The mouli doesn't work as he says, and on turning out the soufflé collapses flat and the sauce became a quarter deep layer on top of it, ie. If you gave him a human brain he might poach it lightly in a reduction of 1978 Cornas and top it with a mortar-board made of liquorice; but he might not understand all that had been going on inside it before he popped it into the pot.The publisher of Simple French Food meanly had the book glued rather than sewn, and the pages you use regularly just fall out when you open it.

This much loved cookbook (and the eponymous restaurant) was part of my life for far too short a time, but it was a joy to revisit the book after almost thirty many years! My annotation of Olney's Courgette Pudding Soufflé (and I apologise in advance for the language) goes as follows: "This dinner for 2 took me 4 hours. One of the best weeks I have ever had, full of simple classic Italian cooking, lots of laughs and in a dreamy setting. Discover the joy of reading with us, your trusted source for affordable books that do not compromise on quality. In any case, he said an oven thermometer was essential; you also had to make sure the heat had stabilised before putting the meat in.Fusion food does make its mark in this book but it would be unfair to characterise the whole work as that; some dishes may be fusion inspired but others owe clear allegiance to a particular national culinary tradition.
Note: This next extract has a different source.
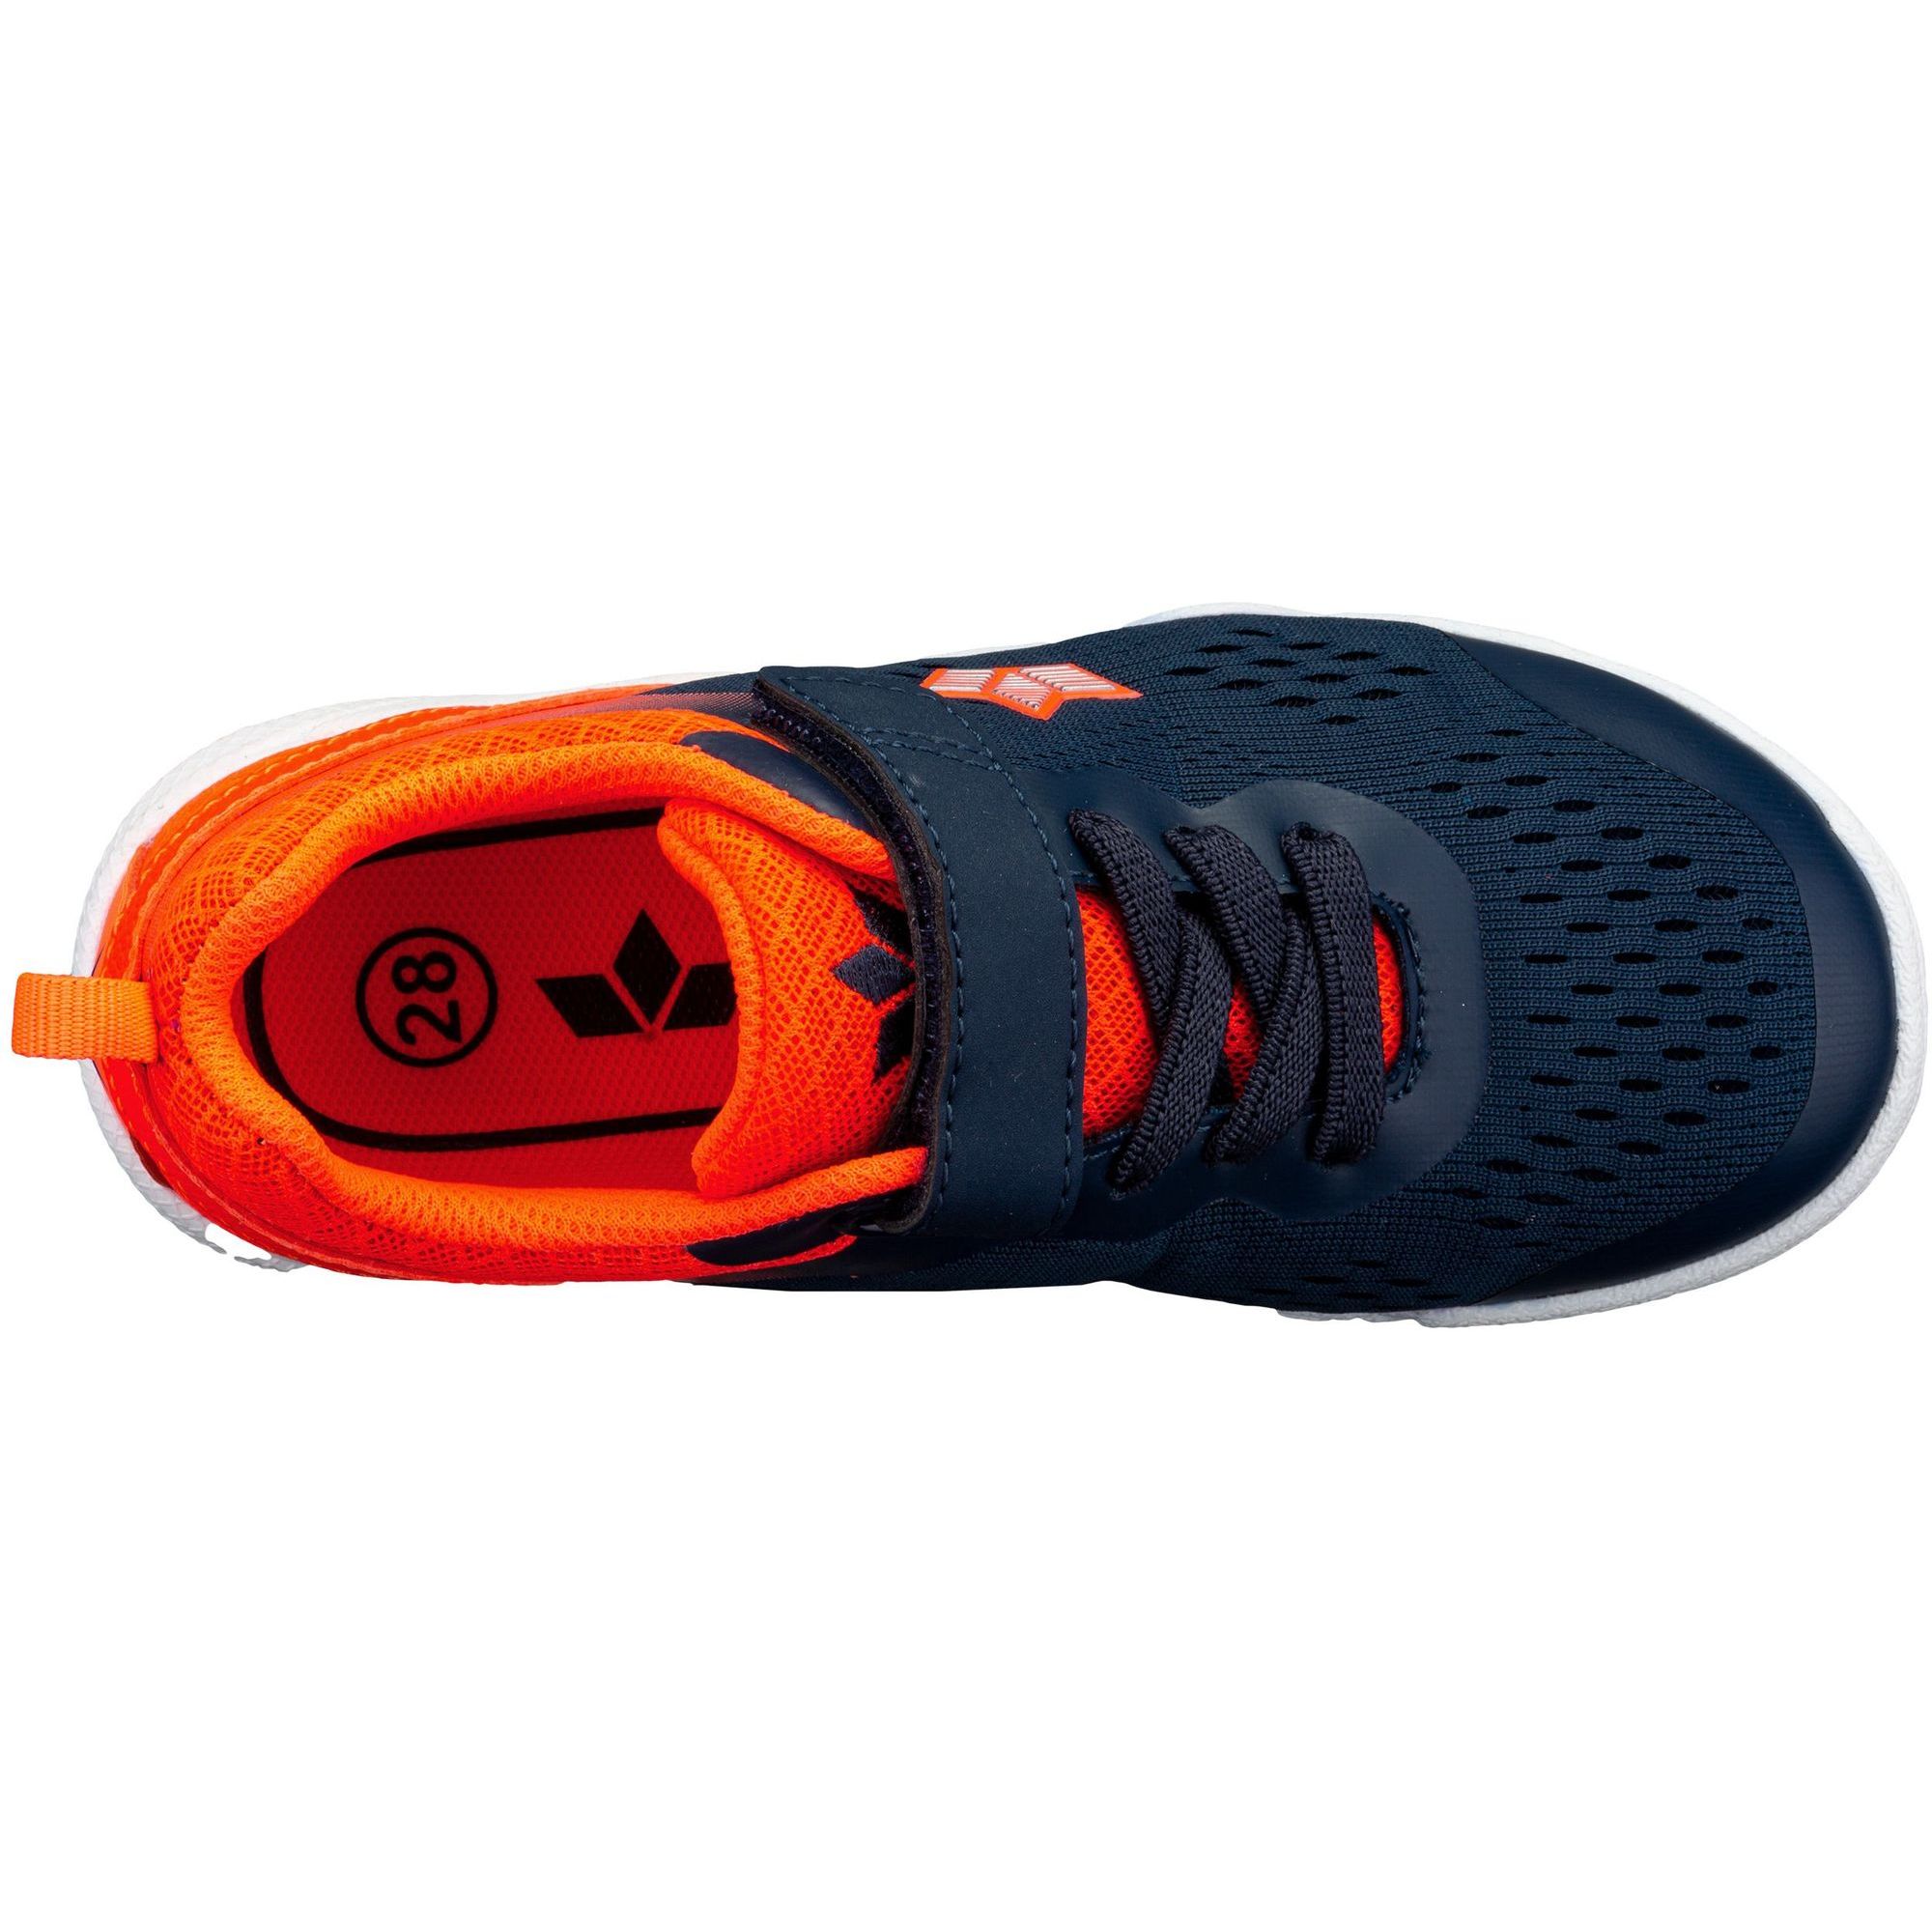 marine/orange VS Lico Key Klettschuhe kaufen Berger 360876 bei jetzt

A restaurant critic told me the other day Mr B also believes that if you prick each chip individually with a fork, this makes for an even finer end-product; but that for some reason (like straining our credulity) he didn't put this in the recipe. The recipes are organised seasonally and reflect Little's interest in Italian, Japanese, Chinese and French cookery. The last of them was developed to a greater degree by another Glenfiddich Award winner: the thoroughly British The River Cottage Year. You can change your choices at any time by visiting Cookie preferences, as described in the Cookie notice. If we make a dish once, and it turns out anything from a serious muff to a complete hash, then we don't cook it again.It was, inevitably, in that drawer where you put such things and then forget about them, where everything is tangled up - whisks with chopsticks through their wires - a shameful place.